FlashMotion: Few-Step Controllable Video Generation with Trajectory Guidance¶

Conference: CVPR 2025
arXiv: 2603.12146
Code: None
Area: Video Understanding / Video Generation
Keywords: Trajectory-controllable Video Generation, Knowledge Distillation, Few-step Inference, Adversarial Training, Video Diffusion Models

TL;DR¶

FlashMotion proposes a three-stage training framework to distill trajectory-controllable video generation from multi-step denoising to few-step inference (4-8 steps). By first training a trajectory adapter, then distilling the generator, and finally fine-tuning the adapter with a hybrid diffusion and adversarial objective, this strategy significantly accelerates inference while preserving video quality and trajectory accuracy.

Background & Motivation¶

Background: Trajectory-controllable video generation has made significant progress in recent years. Mainstream approaches employ adapter architectures (such as ControlNet-style trajectory adapters) attached to pre-trained video diffusion models, precisely controlling the motion of foreground objects through user-provided trajectory points. These methods perform exceptionally well in visual quality and motion consistency.

Limitations of Prior Work: All existing trajectory-controllable video generation methods rely on multi-step denoising processes (typically requiring 25-50 steps), leading to heavy temporal redundancy and computational overhead. Although video distillation methods (such as consistency distillation and adversarial distillation) have successfully compressed general video generators to few-step inference, directly applying these methods to trajectory-controllable scenarios results in a significant decline in video quality and degradation of trajectory accuracy.

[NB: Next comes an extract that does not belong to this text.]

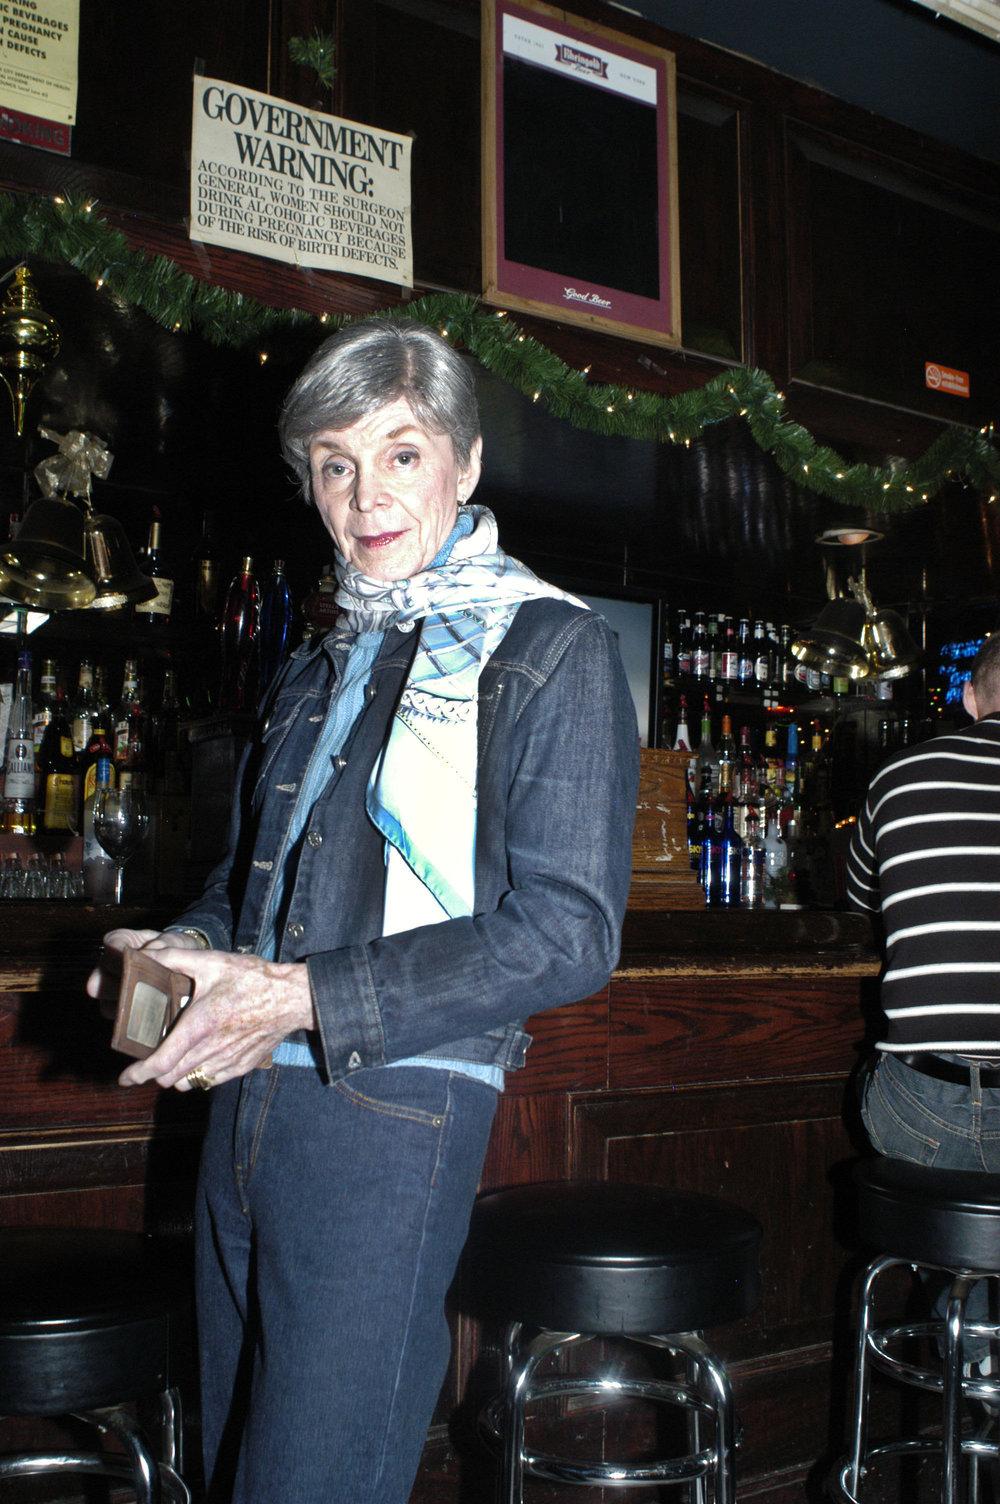 Ashley at the Bar
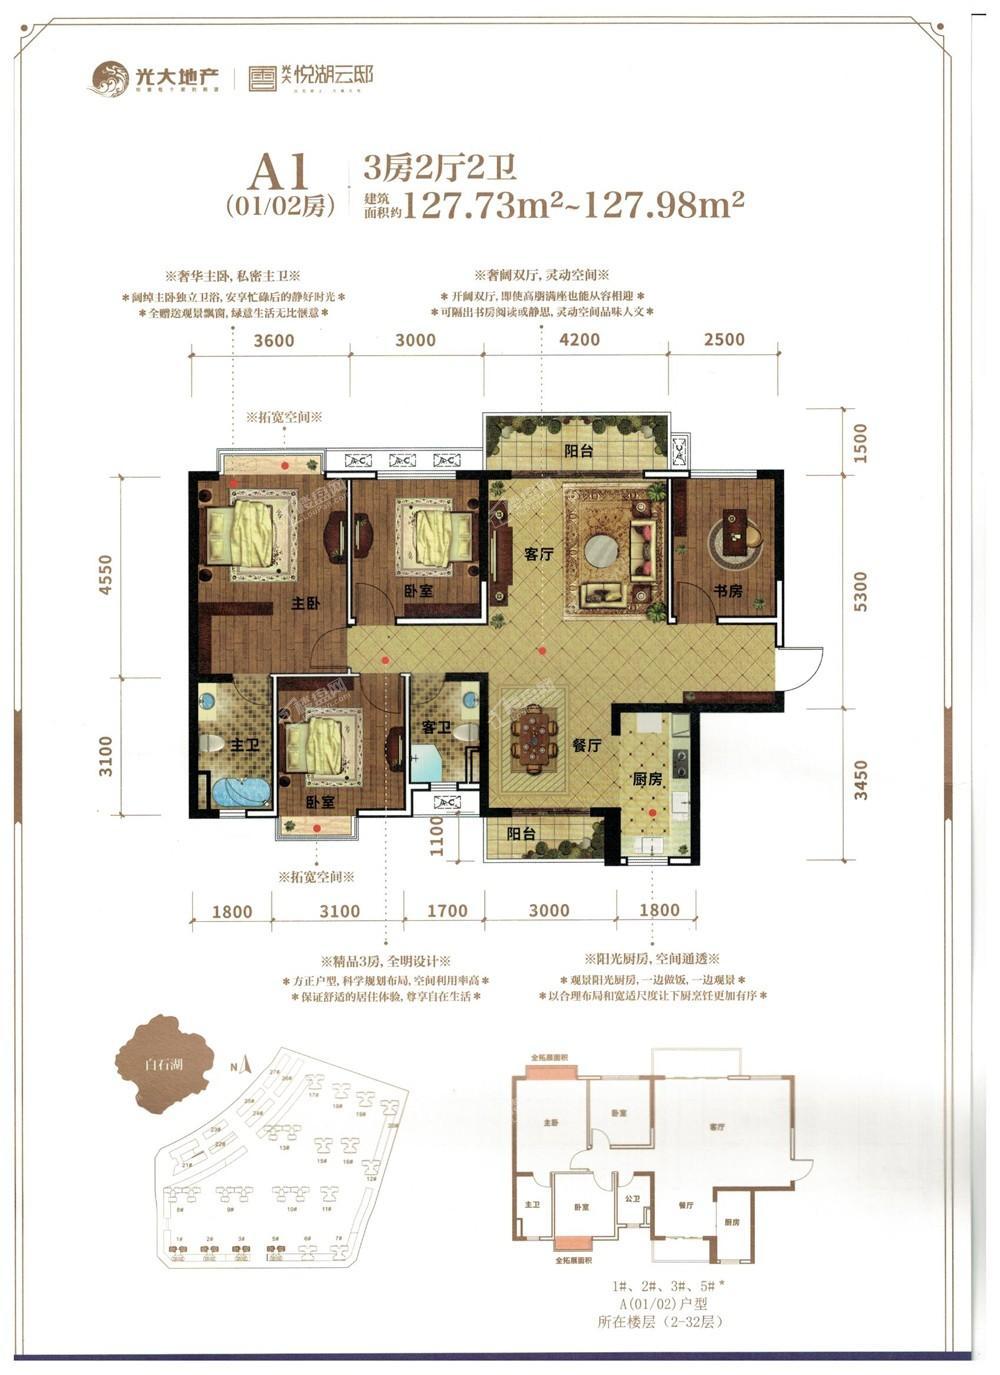 A1户型01、02房-三房两厅两卫-127.73㎡-127.98㎡

Key Challenge: There exists a distribution mismatch between the distilled few-step generator and the original multi-step-trained trajectory adapter. The adapter is trained on the intermediate noise distributions of the multi-step generator, and distillation alters the generator's noise trajectory, causing the adapter to fail to correctly guide the few-step generator.

Goal: To design an end-to-end training framework that allows trajectory-controllable video generation to maintain high quality and high trajectory accuracy in only 4-8 inference steps.

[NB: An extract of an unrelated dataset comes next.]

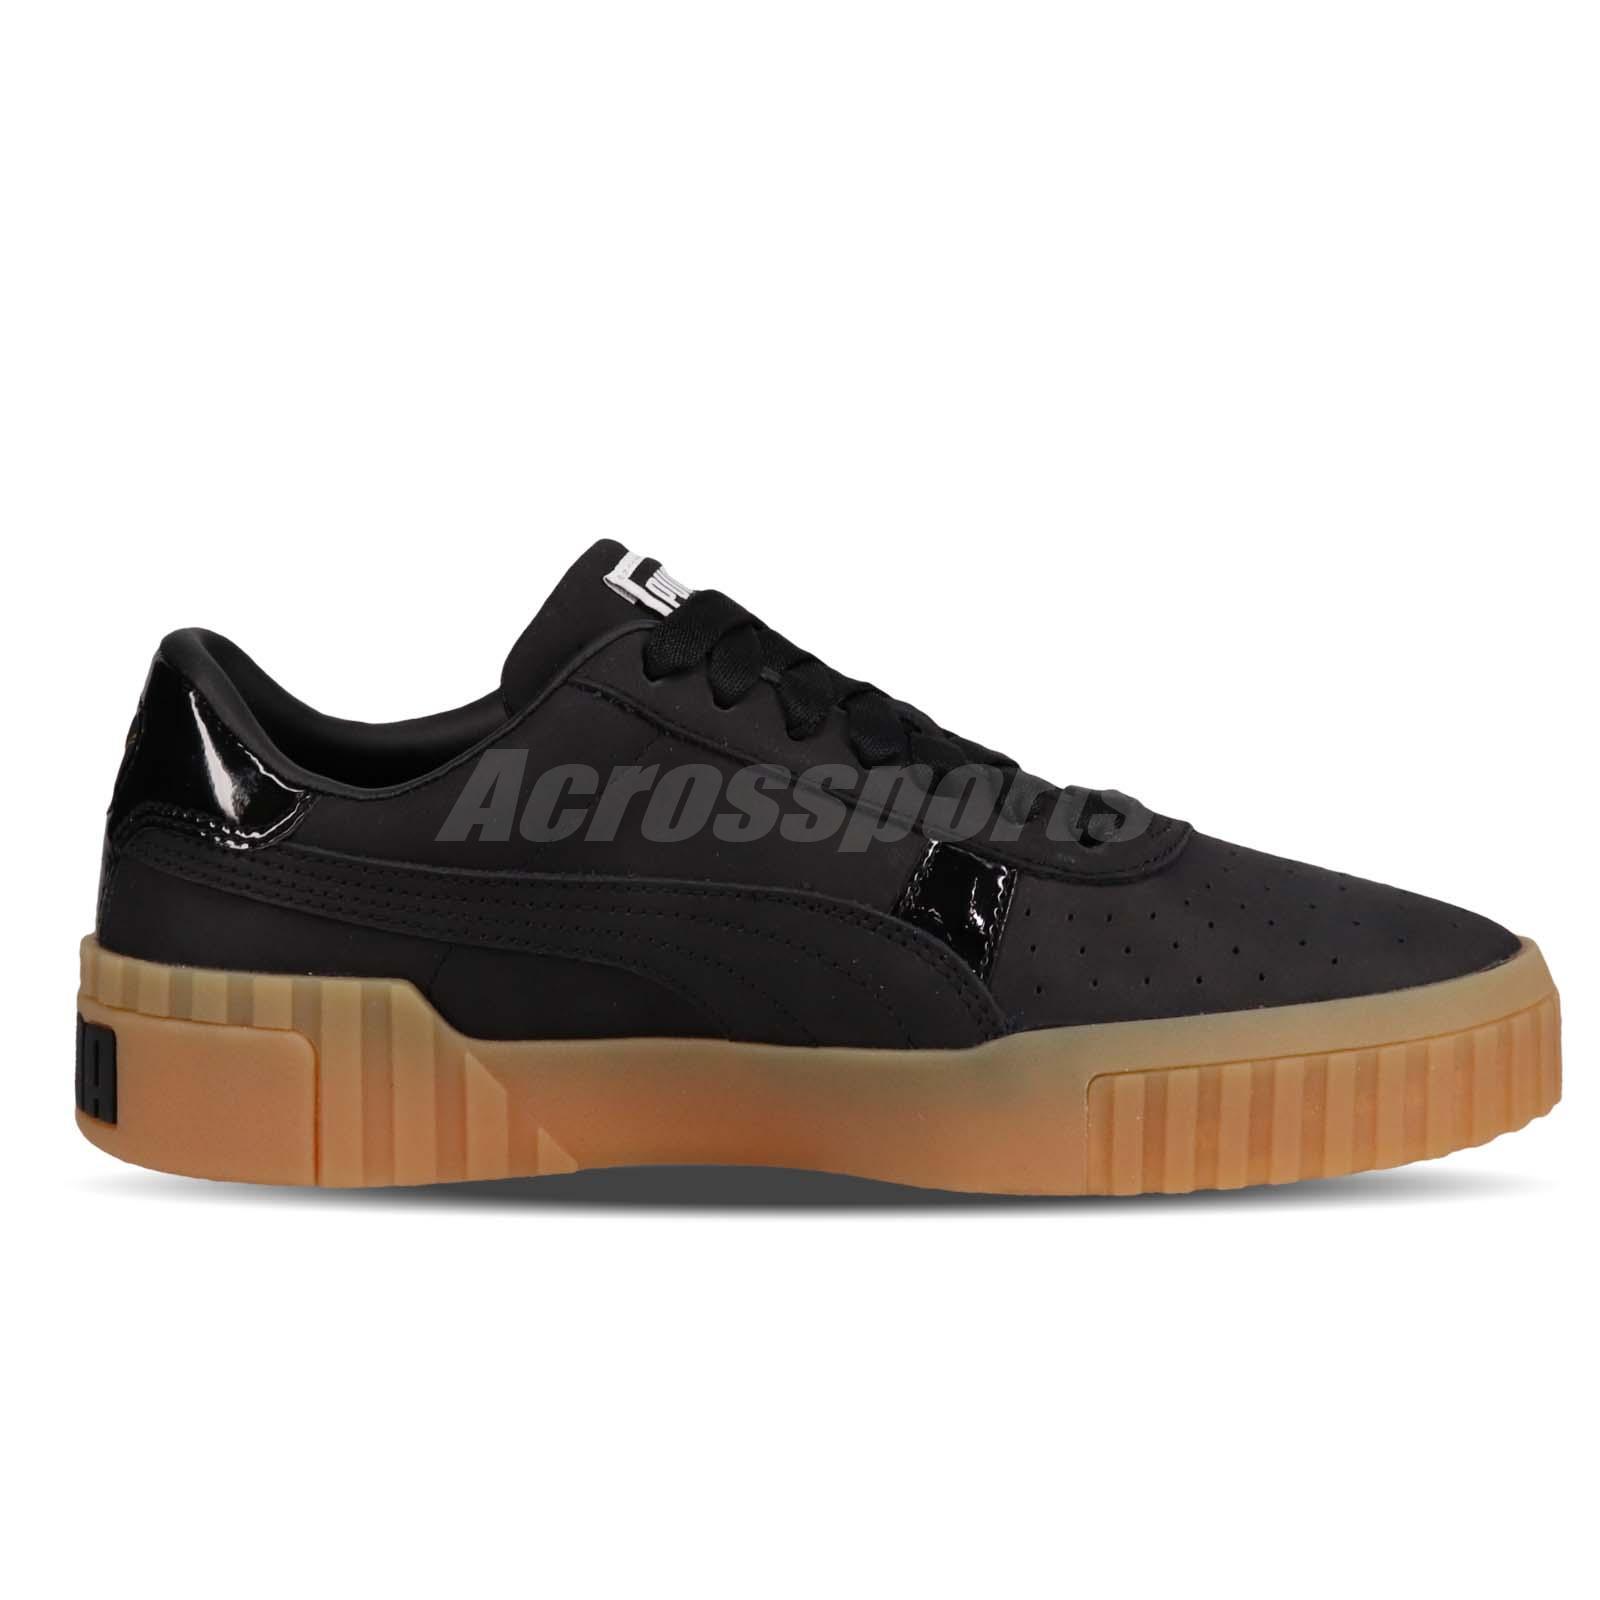 42dea9d2 Puma Cali Nubuck Wns Black Gold Gum Women Casual Lifestyle Shoes ...

Key Insight: The authors observe that the root of the problem lies in the decoupled training of the adapter and the generator—training the adapter first and then distilling the generator breaks the already learned alignment. Therefore, the adapter needs to be realigned after distillation.

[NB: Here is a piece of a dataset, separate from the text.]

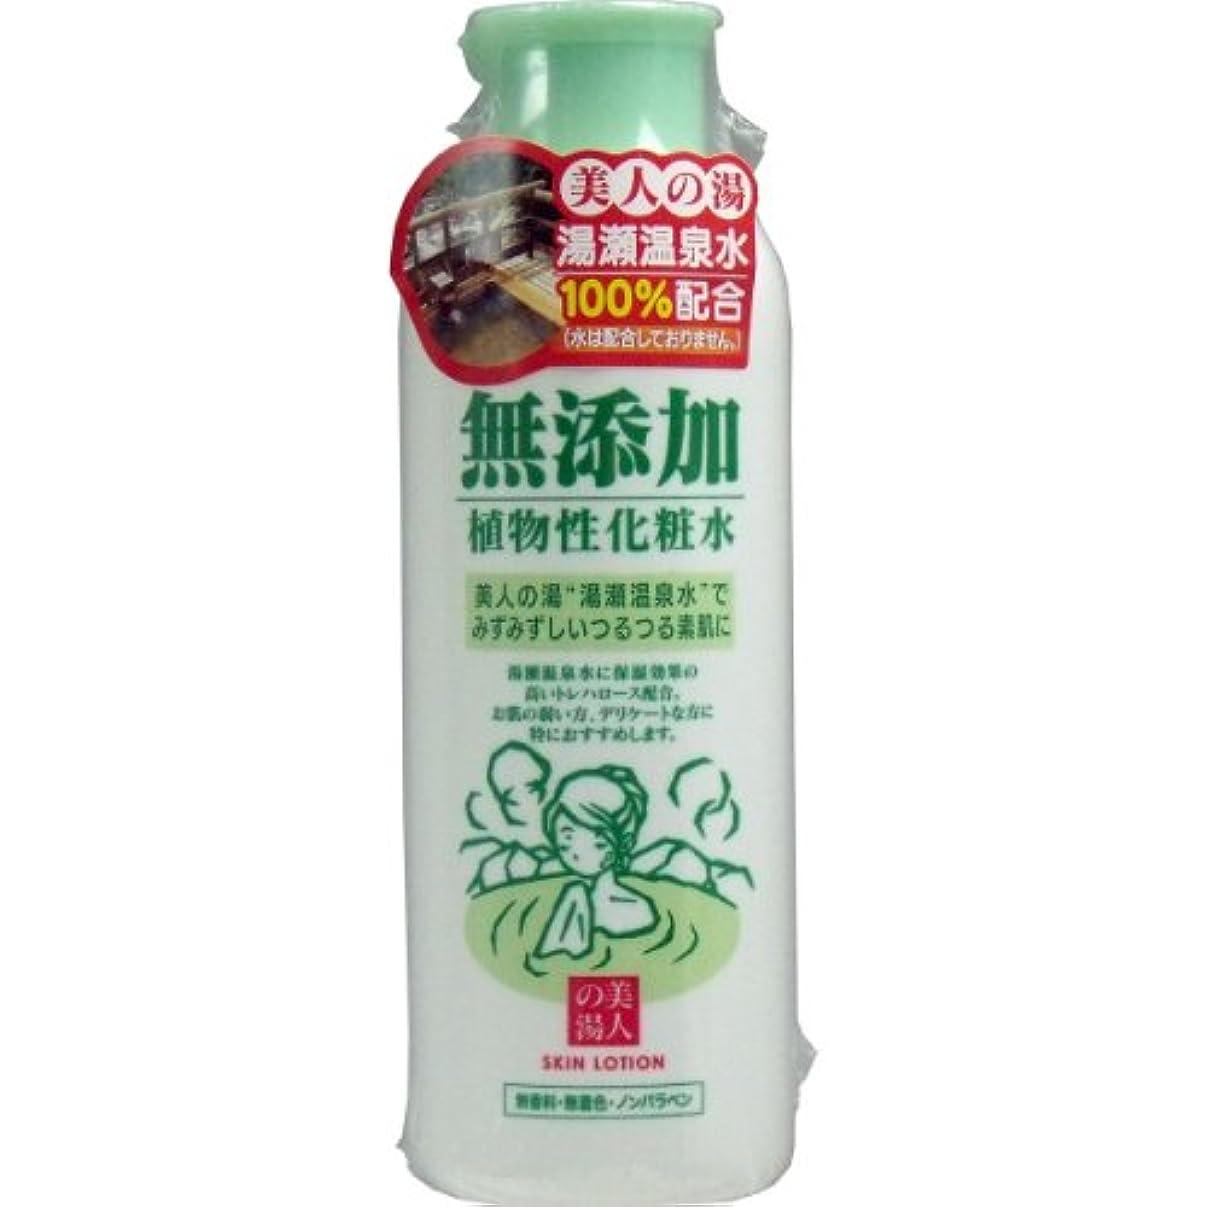 計り知れないレスリング努力するユゼ 無添加植物性 化粧水 200ml 【3セット】

Core Idea: A three-stage progressive training strategy is proposed: first, the trajectory adapter is trained on the multi-step generator to acquire precise control capabilities; then, the generator is distilled to achieve acceleration capabilities; finally, the adapter is fine-tuned with a hybrid objective of diffusion and adversarial loss to align it with the few-step generator.

Method¶

Overall Architecture¶

The overall pipeline of FlashMotion consists of three stages. The inputs are user-provided trajectory point sequences and text descriptions, and the output is a high-quality video conforming to the trajectory constraints. In the first stage, the trajectory adapter is trained on a video diffusion model; in the second stage, the multi-step generator is distilled into a few-step version; in the third stage, a hybrid strategy is used to fine-tune the adapter to fit the few-step generator.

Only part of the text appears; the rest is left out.